I have a Supermicro 1U server with 8 x U.2 NVMe SSDs in 2 x RAIDZ1 | 4 wide | 6.99 TiB

The server has an AMD Epyc 7352, 24 core processor, and 128Gb RAM.

It also has a 4-port 10Gig-BaseT card in it, with all 4 ports going to the same 10-gig 24-port switch (on 192.168.22.32, 192.168.23.32, 192.168.24.32, and 192.168.25.32 - in order that iSCSI round-robin would work properly in VMware). Only the 192.168.22.32 address has a router associated to it and hence can get out to the internet for patches that way.

I have 6 x VMware servers with a pair of 10-gig NICs in each, connected to the same 24-port 10-gig switch as the TrueNAS, and it shares out a 32Tb datastore between the hosts.

Up until a few weeks ago it worked fine, and this has worked fine for about 2 years. However, a few weeks ago I was in the datacentre doing some work and decided that the network cables were too long and might be causing airflow issues in the rack, so I went about swapping them one by one, from the 192.168.25 connection, to the 24 connection, then the 23 connection, and finally the 22 connection. All worked fine until I got to the 22 connection, and the NIC link light refused to come back on. I thought WTF and tried changing cables, ports, switches, to no avail and the link light refused to come back on. I even rebooted the TrueNAS and it didn’t help.

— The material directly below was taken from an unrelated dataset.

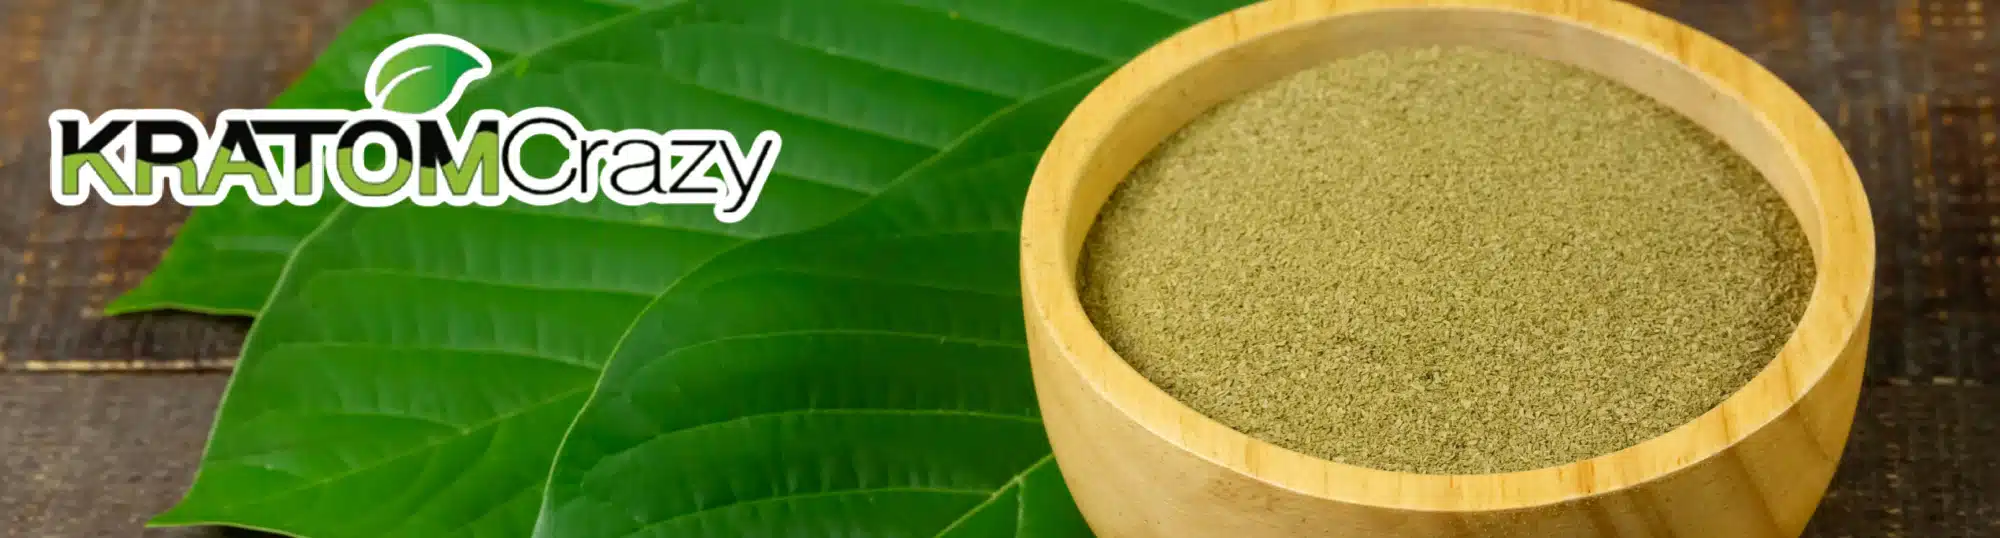 Kratom Crazy : Awesome Products at Insane Prices

So, I ordered a new NIC. Sods law dictates that I could only get a 2-port 10-gig NIC in time for the xmas break, so I went with that.

Tonight I went to the datacentre, powered down the TrueNAS box and inserted the new NIC. Powered everything back up and…

…the .22 NIC gives me a link light, but now the .23 NIC doesn’t.

At this point, given that I was a few patches behind current and I now had the .22 NIC back which gave me internet access, I updated TrueNAS and rebooted it. It consistently gave me the .22 NIC with a link light and working, and the .23 NIC without a link light…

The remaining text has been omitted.